This is a modern Fortran (2003/2008) implementation of Hairer's DOP853 ODE solver. The original FORTRAN 77 code has been extensively refactored, and is now object-oriented and thread-safe, with an easy-to-use class interface. DOP853 is an explicit Runge-Kutta method of order 8(5,3) due to Dormand & Prince (with stepsize control and dense output).

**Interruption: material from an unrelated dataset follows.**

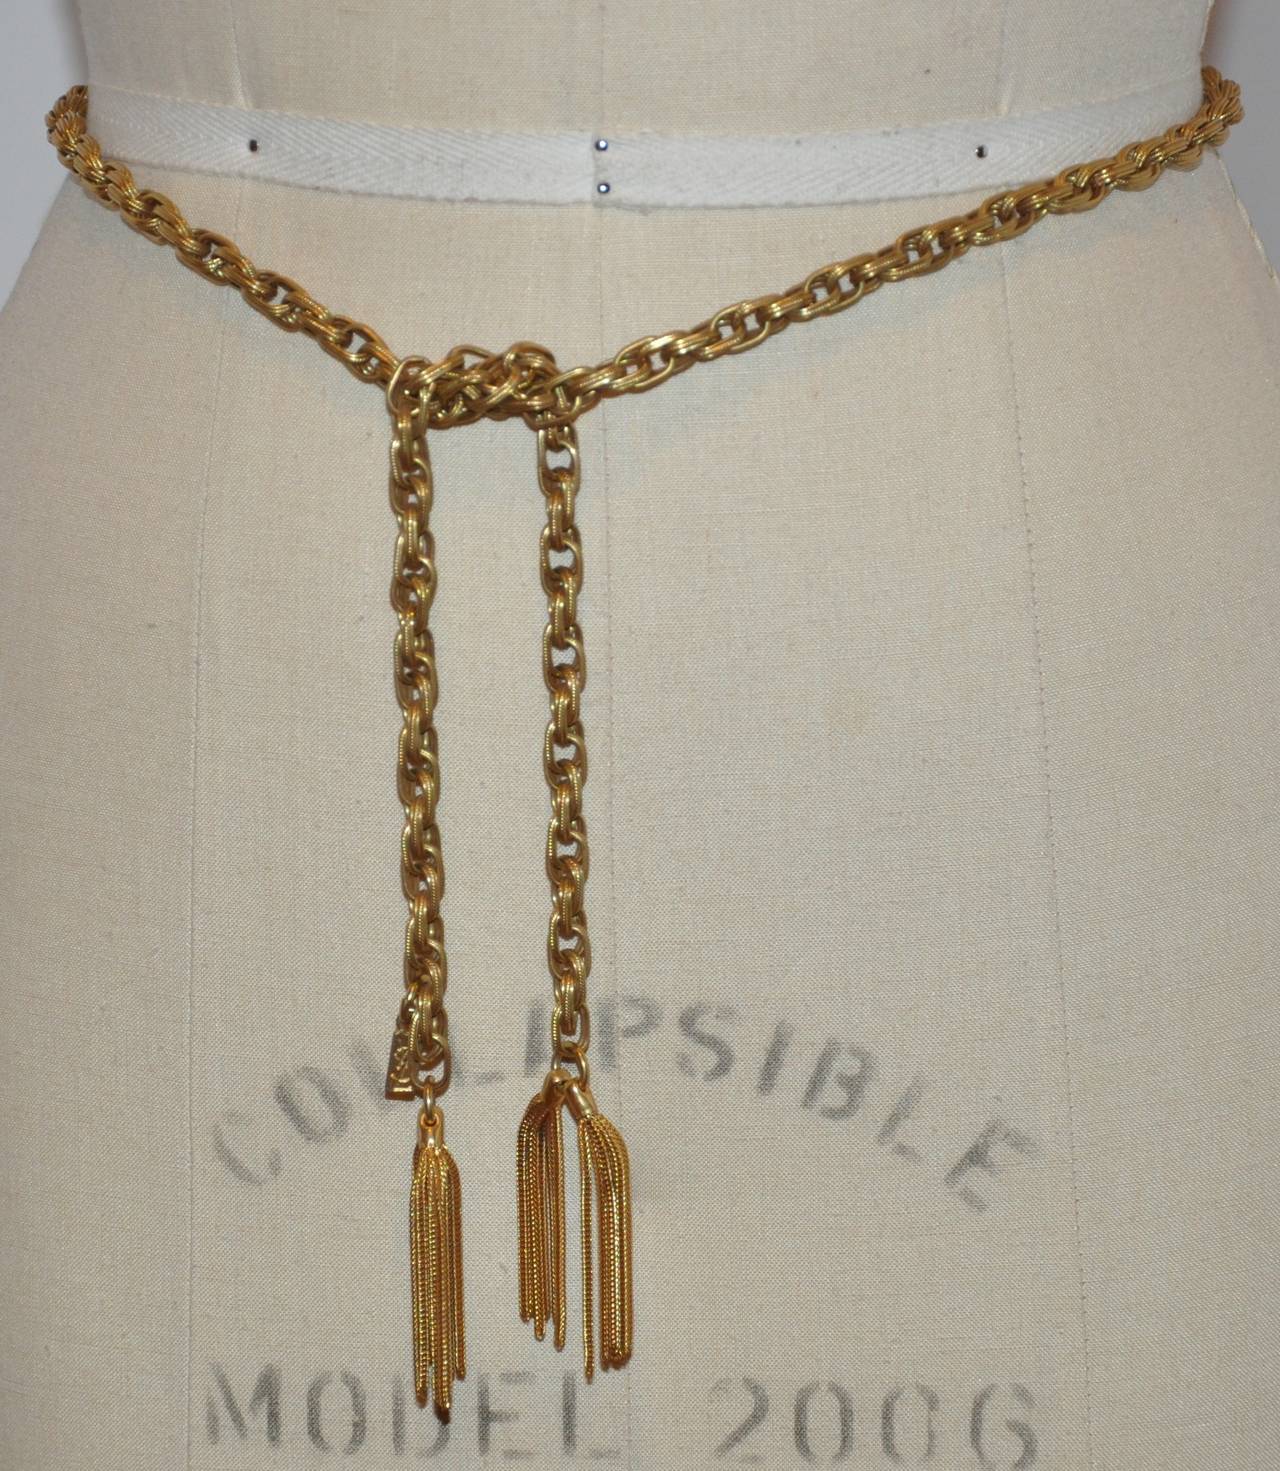 Yves Saint Laurent signature gold hardware link chain belt is accented with 2

This project is hosted on GitHub.
Basic use of the solver is shown here. The main methods in the dop853_class are initialize() and integrate().
program dop853_example
use dop853_module, wp => dop853_wp
use iso_fortran_env, only: output_unit
implicit none
integer,parameter :: n = 2 !! dimension of the system
real(wp),parameter :: tol = 1.0e-12_wp !! integration tolerance
real(wp),parameter :: x0 = 0.0_wp !! initial x value
real(wp),parameter :: xf = 100.0_wp !! endpoint of integration
real(wp),dimension(n),parameter :: y0 = [0.0_wp,0.1_wp] !! initial y value
type(dop853_class) :: prop
real(wp),dimension(n) :: y
real(wp),dimension(1) :: rtol,atol
real(wp) :: x
integer :: idid
logical :: status_ok
x = x0 ! initial conditions
y = y0 !
rtol = tol ! set tolerances
atol = tol !
!initialize the integrator:
call prop%initialize(fcn=fvpol,n=n,status_ok=status_ok)
if (.not. status_ok) error stop 'initialization error'
!now, perform the integration:
call prop%integrate(x,y,xf,rtol,atol,iout=0,idid=idid)
!print solution:
write (output_unit,'(1X,A,F6.2,A,2E18.10)') &
'x =',x ,' y =',y(1),y(2)
contains
subroutine fvpol(me,x,y,f)
!! Right-hand side of van der Pol's equation
implicit none
class(dop853_class),intent(inout) :: me
real(wp),intent(in) :: x
real(wp),dimension(:),intent(in) :: y
real(wp),dimension(:),intent(out) :: f
real(wp),parameter :: mu = 0.2_wp
f(1) = y(2)
f(2) = mu*(1.0_wp-y(1)**2)*y(2) - y(1)
end subroutine fvpol
end program dop853_exampleThe result is:
x =100.00 y = -0.1360372426E+01 0.1325538438E+01
For dense output, see the example in the src/tests directory.
A Fortran Package Manager manifest file is included, so that the library and tests cases can be compiled with FPM. For example:
fpm build --profile release
fpm test --profile release
To use dop853 within your FPM project, add the following to your fpm.toml file:
[dependencies]
dop853 = { git="https://github.com/jacobwilliams/dop853.git" }By default, the library is built with double precision (real64) real values. Explicitly specifying the real kind can be done using the following processor flags:
| Preprocessor flag | Kind | Number of bytes |
|---|---|---|
REAL32 |
real(kind=real32) |
4 |
REAL64 |
real(kind=real64) |
8 |
REAL128 |
real(kind=real128) |
16 |
For example, to build a single precision version of the library, use:
fpm build --profile release --flag "-DREAL32"
To generate the documentation using FORD, run:
ford dop853.md
The unit tests require pyplot-fortran which will be automatically downloaded by FPM.
The latest API documentation for the master branch can be found here. This is generated by processing the source files with FORD.
- E. Hairer, S.P. Norsett and G. Wanner, "Solving ordinary Differential Equations I. Nonstiff Problems", 2nd edition. Springer Series in Computational Mathematics, Springer-Verlag (1993).
- Ernst Hairer's website: Fortran and Matlab Codes
- Original license for Hairer's codes.
- The updates are released under a similar BSD-style license.
- numbalsoda Python wrapper to this code.